The detection of catastrophic departure from the benchmark is usually by the Shewhart Chart, not covered on this site. Usually, some statistically improbable outcome, such as two consecutive measurements outside 3 Standard Deviations, or 3 consecutive measurements outside 2 Standard Deviations, is used to trigger an alarm that all is not well.

In many instances however, the departures from outcome benchmark are gradual and small in scale, and these are difficult to detect. Examples of this are changes in size and shape of products caused by progressive wearing out of machinery parts, reduced success rates over time when experienced staff are gradually replaced by novices in a work team, increases in client complaints to a service department following a loss of adequate supervision.

CUSUM is a statistical process of sampling outcome, and summing departures from benchmarks. When the situation is in control, the departures caused by random variations cancel each other numerically. In the out of control situation, departures from benchmark tend to be unidirectional, so that the sum of departures accumulates until it becomes statistically identifiable.

The mathematical process for CUSUM is in 2 parts. The common part is the summation of depertures from the bench mark (CUSUM), and graphically demonstrating it. The unique part is the calculation of the decision interval abbreviated as DI or h, and the reference value, abbreviated as k, which continuously adjustes the CUSUM and its variance. The two values of h and k depend on the following parameters

• The in control values
• The out of control values
• The Type I Error or false positive rate, expressed as the Average Run Length, abbreviated as ARL, the number of samples expected for a false positve decision when the situation is in control. ARL is the inverse of false positive rate. A false positive rate of 1% would have ARL=100

### Proportions

Proportions can be handled under 3 common types of distribution
• The Binomial Distribution where the measurement is the number of the positive cases in a group of set sample size. The advantage of such an appropach is that the results tend to be stable, as short term variations are evened out with many cases. The disadvantage is that evaluation can only take place when the planned sample size per group has been reached, so conclusions tend to take a long time.
• The Negative Binomial Distribution Where the measurement is the number of negative cases between a set number of positive cases. Evaluation can take place after each time the set number of positive case is reached, so conclusions can be reached sooner. However the results tend to be more variable as it is influenced by short term variations.
• The Bernoulli Distribution where the measurement is either positive or negative for each case.
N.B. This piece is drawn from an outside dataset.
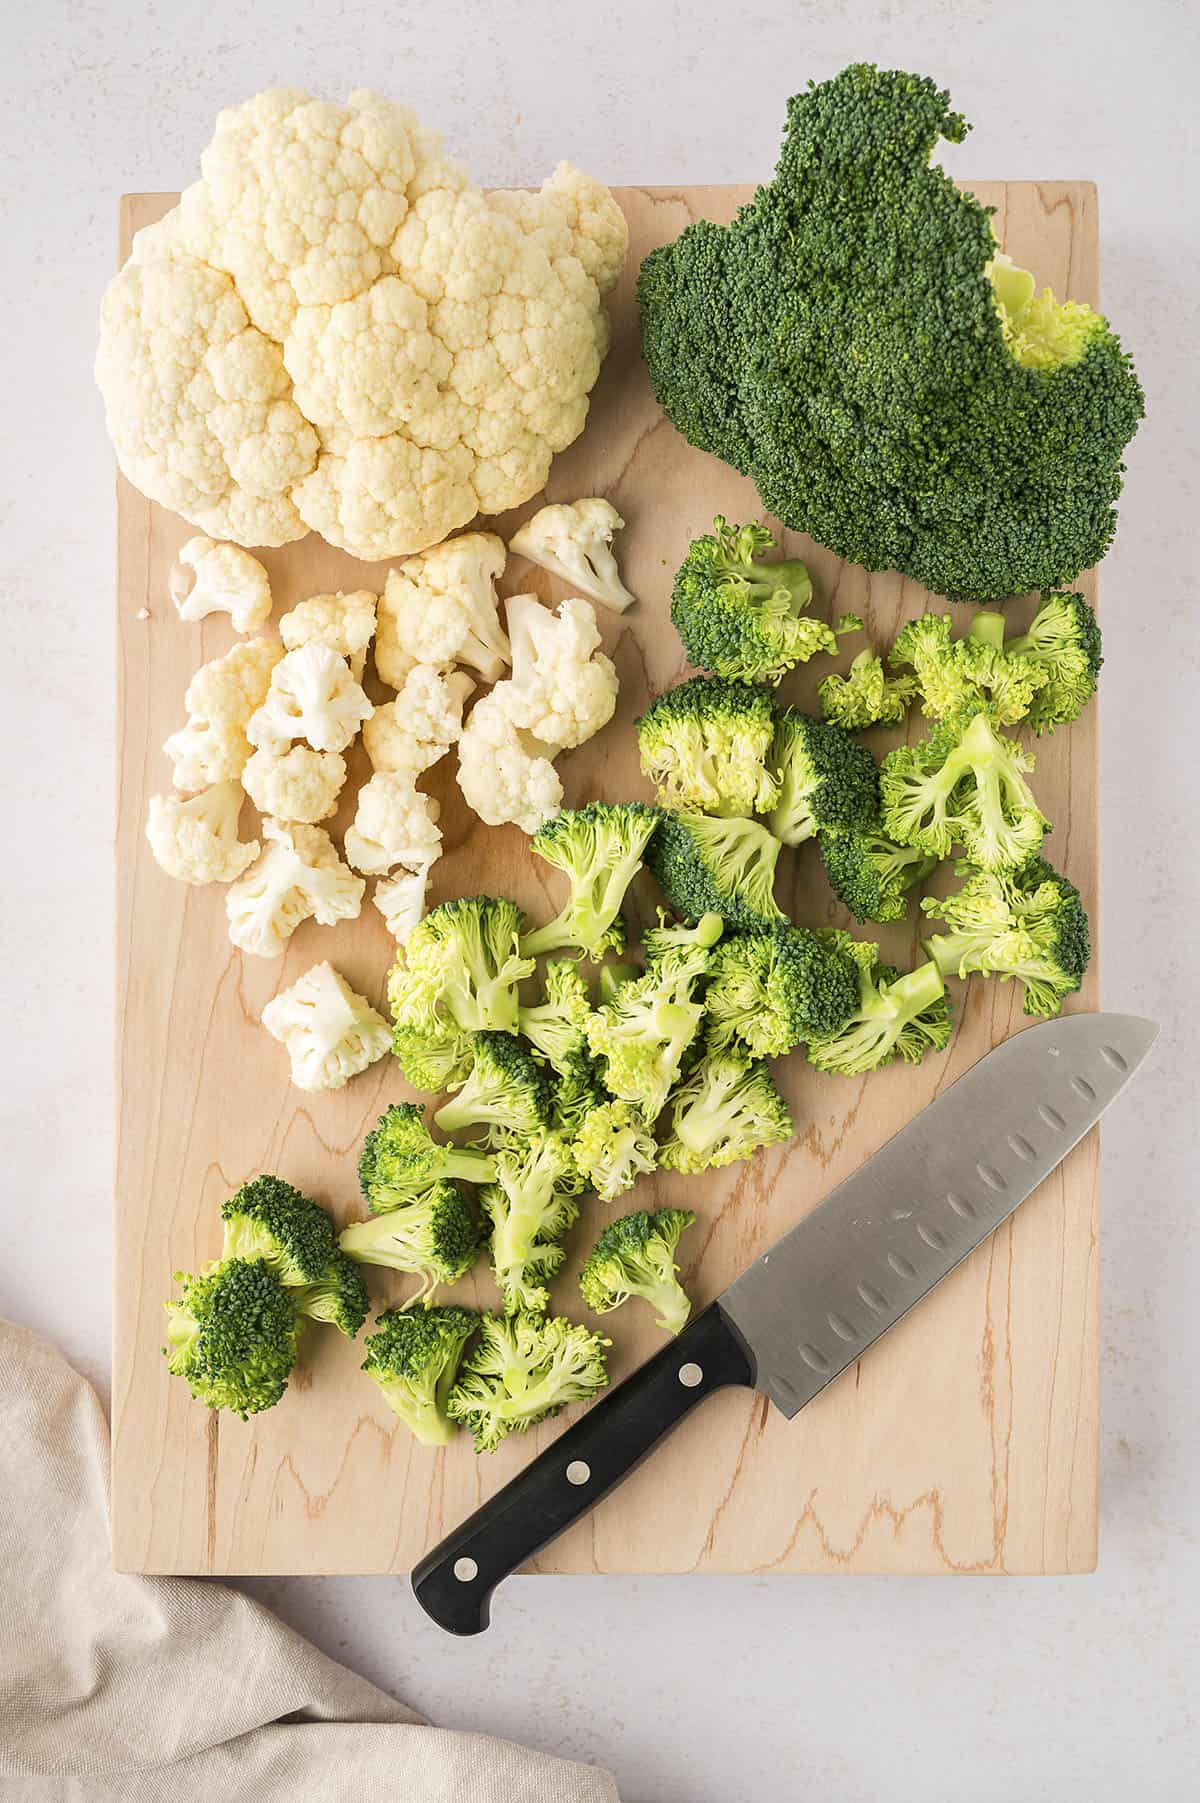 Broccoli and cauliflower on cutting board with knife.

Evaluation therefore takes place after each observation, so conclusions can be reached very quickly, but the results tend to be more chaotic as it varies with each observation.
• This page describes the Binomial Distribution. CUSUM for Binomial Distribution is discussed in the CUSUM for Binomial Distributed Proportion Explained Page, and that for Bernoulli Distribution in CUSUM for Bernoulli Distributed Proportion Explained Page

### CUSUM for Counts based on the Negative Binomial Distribution

The Negative Binomial Distribution is based on the number of outcome negative cases between a set number of positive cases, and each sampling is completed when the defined number of positive cases have been reached. An example is the Caesarean Section rate in many obstetric units, say 20%, which is 4 normal deliveeries between each Caesarean Section, 8 between 2 Caesarean Section, 12 between 3 Caesarean Sections. The number of positive cases (e.g. Caesarean Section) is constant, and the number of negative cases (e.g. normal delivery) is the measurement.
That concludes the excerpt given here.